OK, 780,000 rows later, you have finished this big ugly puppy. Close the object. You now have a list of ONLY those products that were sold.

To build your reports, you would now write a JOIN query to tie together each sales person ID to the sales person details. AND that same query can JOIN a second time to the Product table to tie together each product with its group, subgroup, and attribute.

This query can then be the basis for all of the things you asked about in your question about queries, with judicious use of the SQL Aggregates and TOP predicates.

BE WARNED: You said you didn't mind if it would be slow. This WILL be slow. But with that mass of data, you don't have a choice.
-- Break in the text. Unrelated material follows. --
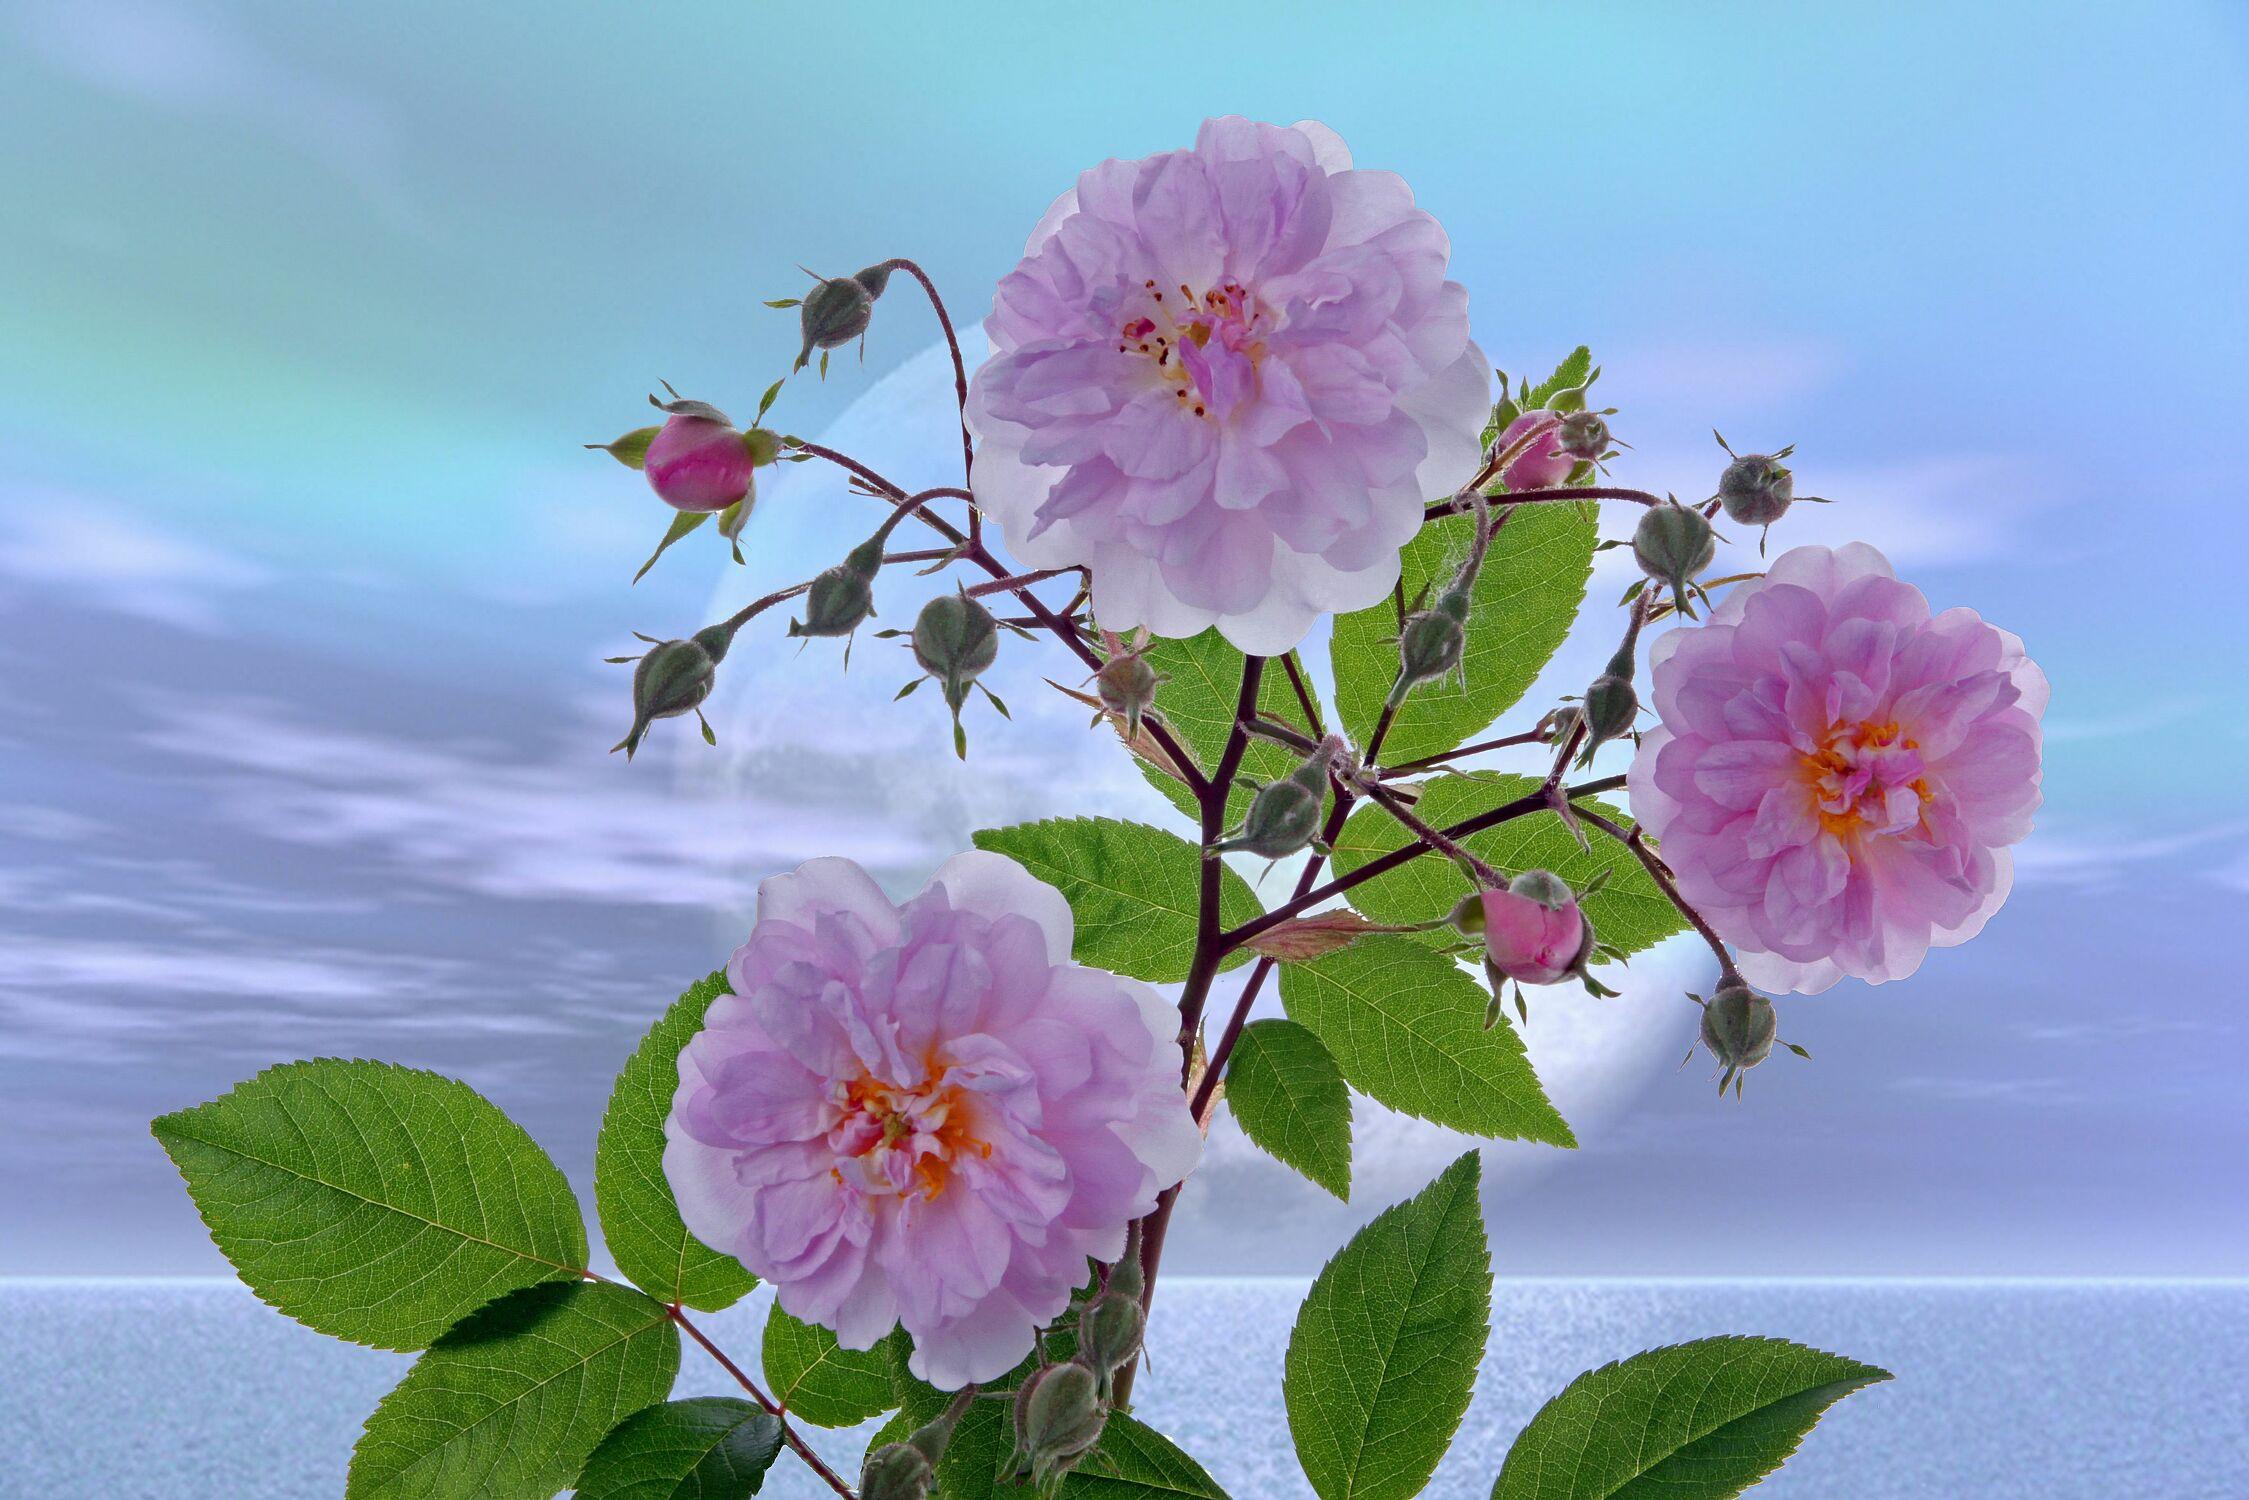 Bild mit Natur, Wasser, Pflanzen, Himmel, Wolken, Blumen, Sonnenuntergang, Sonne, Meer, Blume, Pflanze, See, Stilleben, Blüten, blüte

You are looking at storing roughly 225 million fields. 225 million of ANYTHING will take a while to handle.

There is also the issue of "blowing out" resources. Look up in this site the topic "maxlocksperfile" which has some data on resource problems.
 
Last edited:
Let's say the application has these characteristics:

  • There are 800,000 salespersons each with unique ID (I).
  • The number of product groups being sold could be 6 to 12 (P).
  • Each product group could have up to 20 subgroups (S).
  • Each subgroup will have 12 attributes which is where sales quantities are given (A).
  • This sales data will be imported once a month.
  • A date for the monthly sales data will either be included or it can be generated.

This implies the following
Each record in the "Sales" table would have
SalesID - Autonumber
Salesperson - Reference to the Salesperson record, number
ProductCode - Reference to ProductTable record.
DtTransaction - DateTime that holds WHEN the transaction took place.

Your product table would hold your group/subgroup/attribute information. Once more, looks like it will be an autonumber primary, descriptive "Name", then your group/subgroup/colour/what have you information.

Does that help with starting to identify what should be in your table?
 
Last edited:
Thanks for ideas and help with setting up the tables.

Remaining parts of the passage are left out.